Data excerpt -

---*---

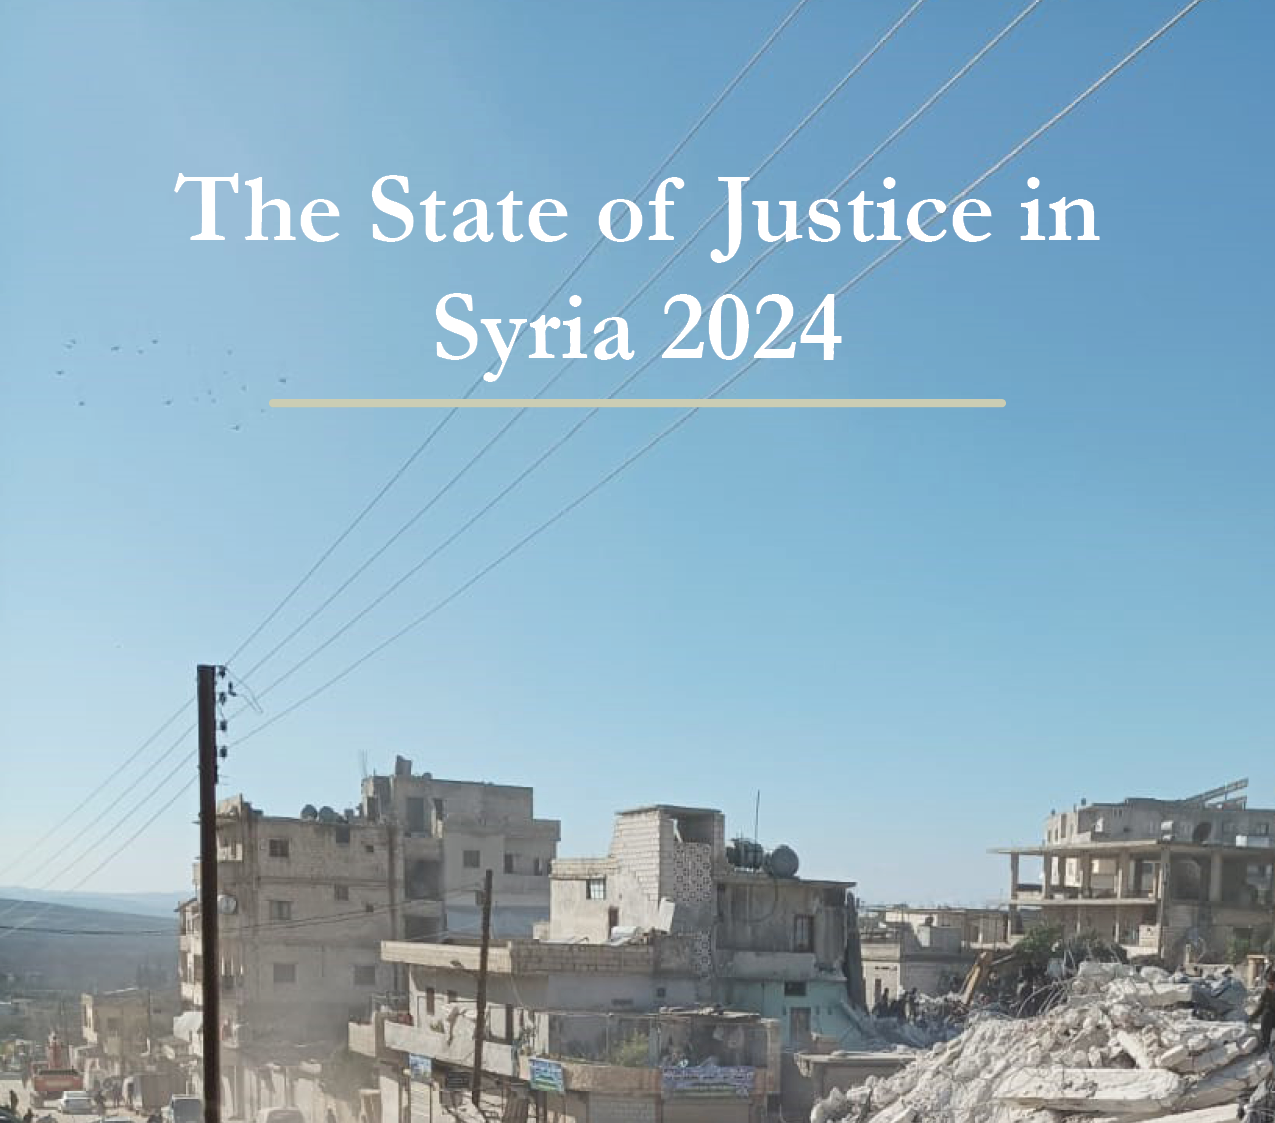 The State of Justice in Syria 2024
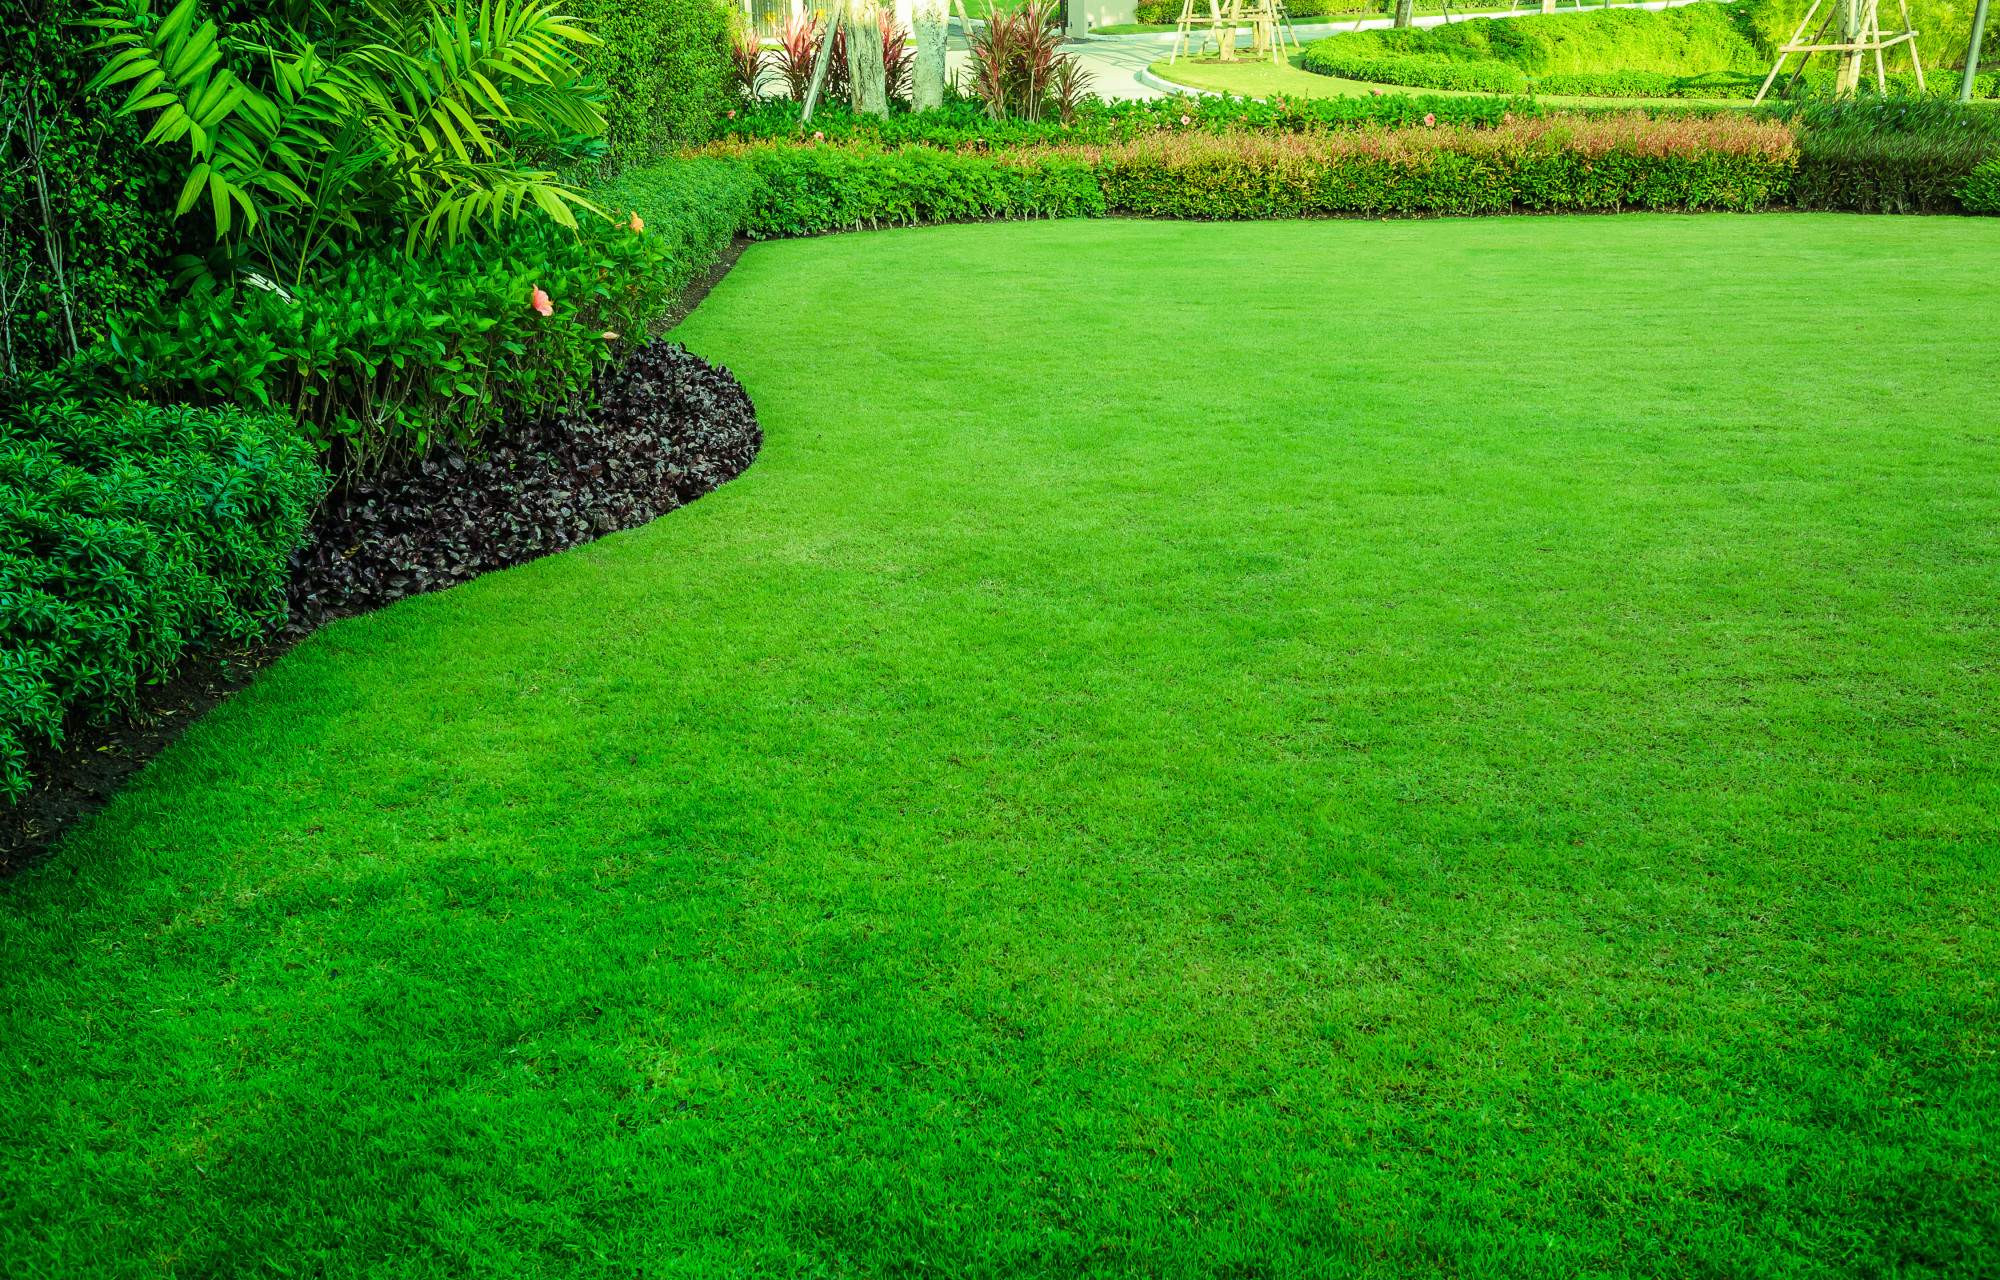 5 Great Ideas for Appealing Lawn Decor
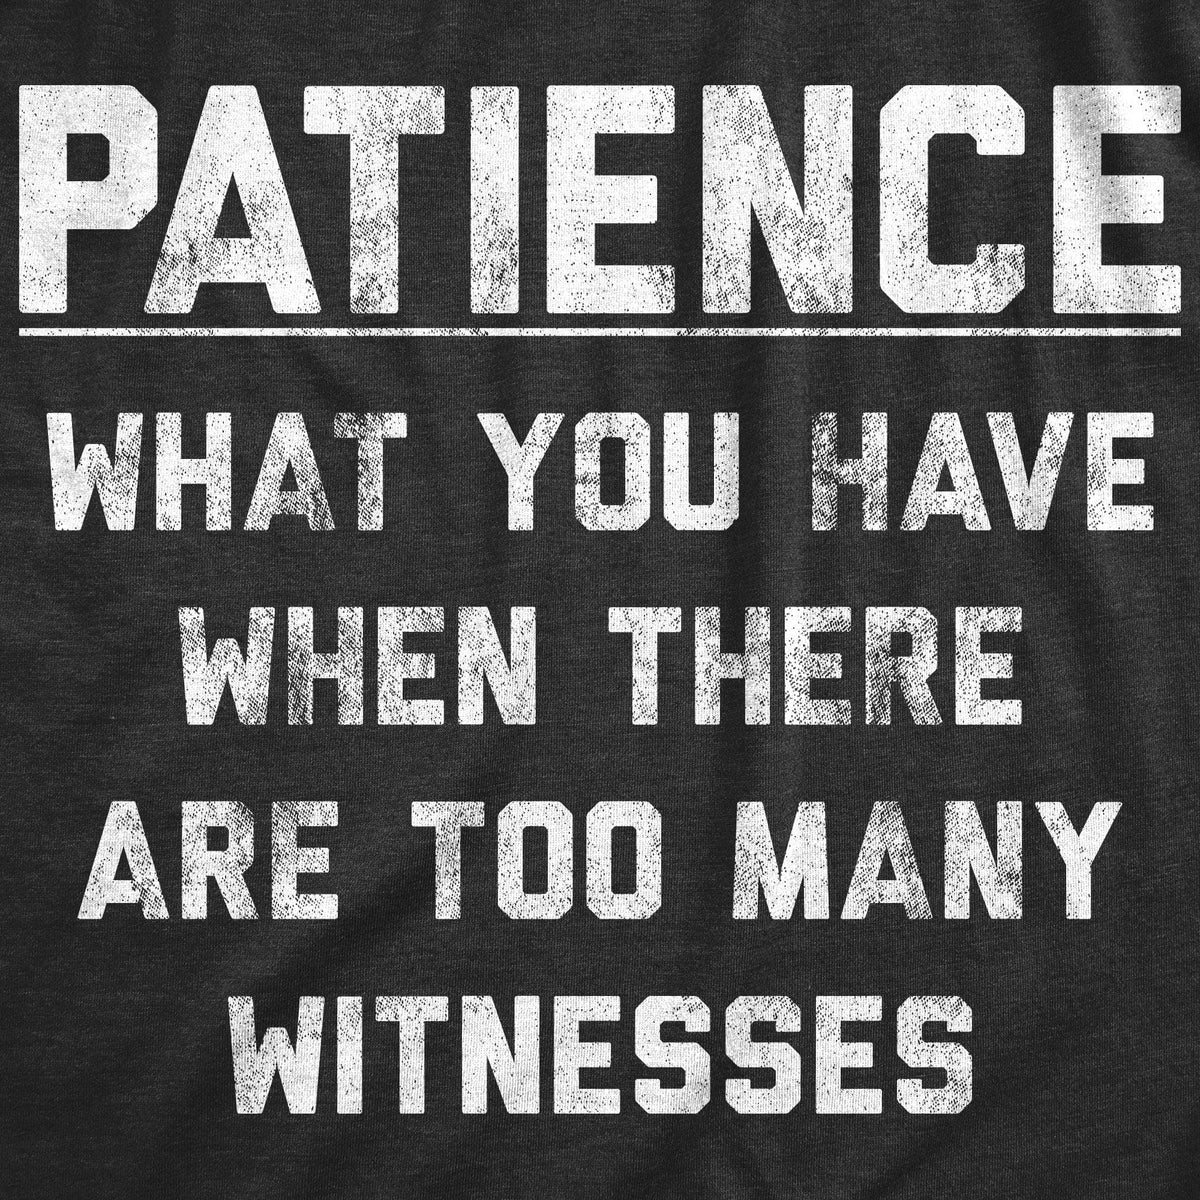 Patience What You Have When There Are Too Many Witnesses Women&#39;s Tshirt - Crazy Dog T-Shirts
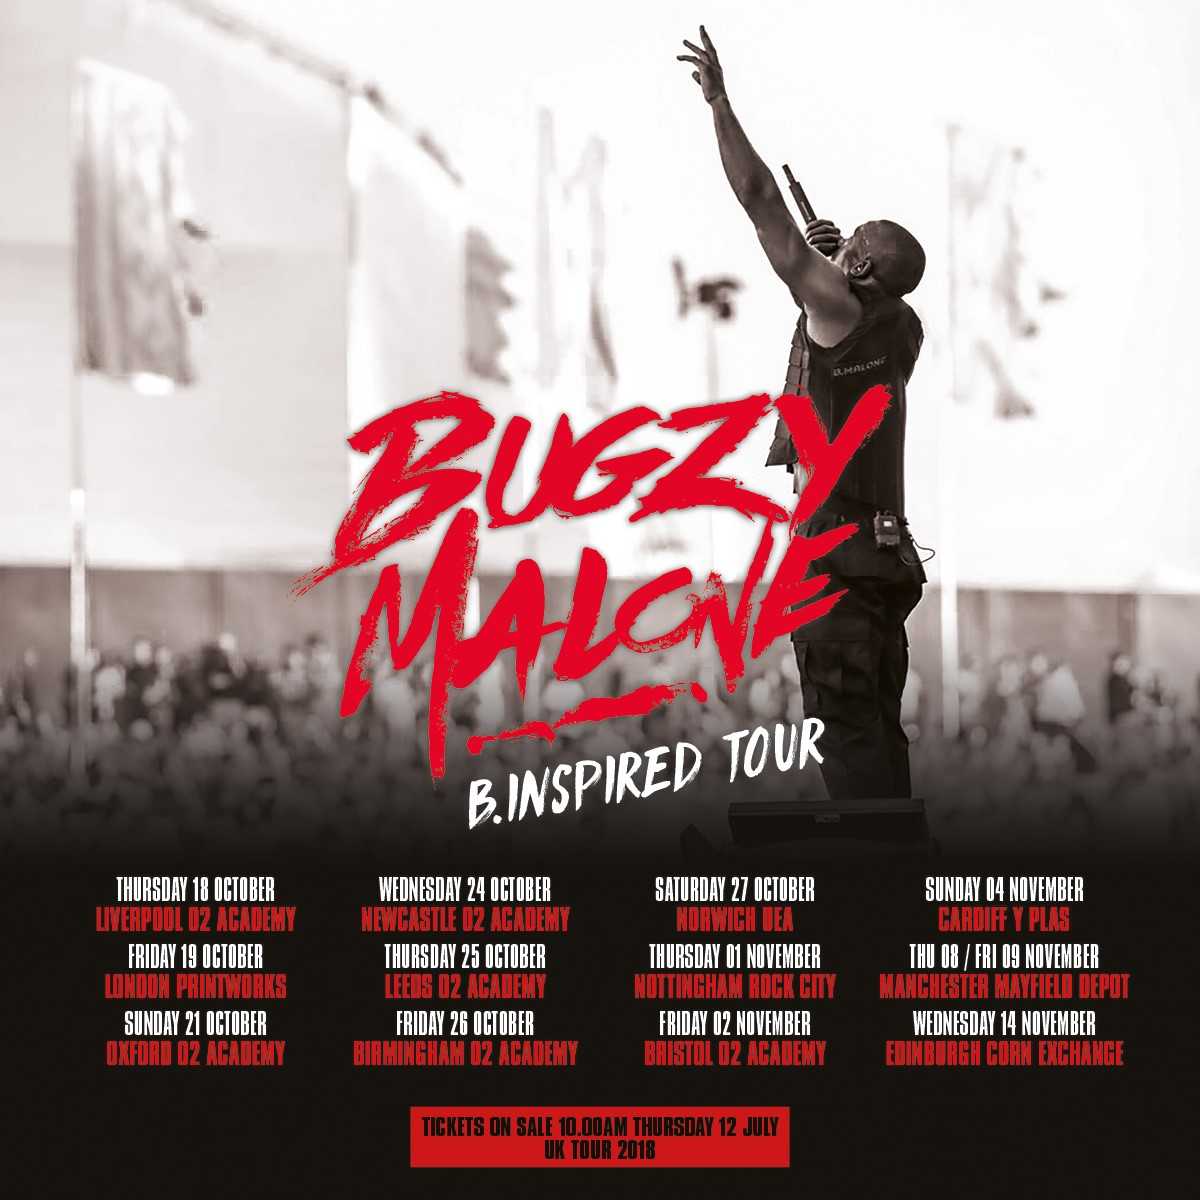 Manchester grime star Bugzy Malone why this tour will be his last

---*---

Task objective - Exactly as written, set down the lines from the line holding "Patience What You" to the last line of the data, both ends included, pictures excluded.

Response -
 Patience What You Have When There Are Too Many Witnesses Women&#39;s Tshirt - Crazy Dog T-Shirts
 Manchester grime star Bugzy Malone why this tour will be his last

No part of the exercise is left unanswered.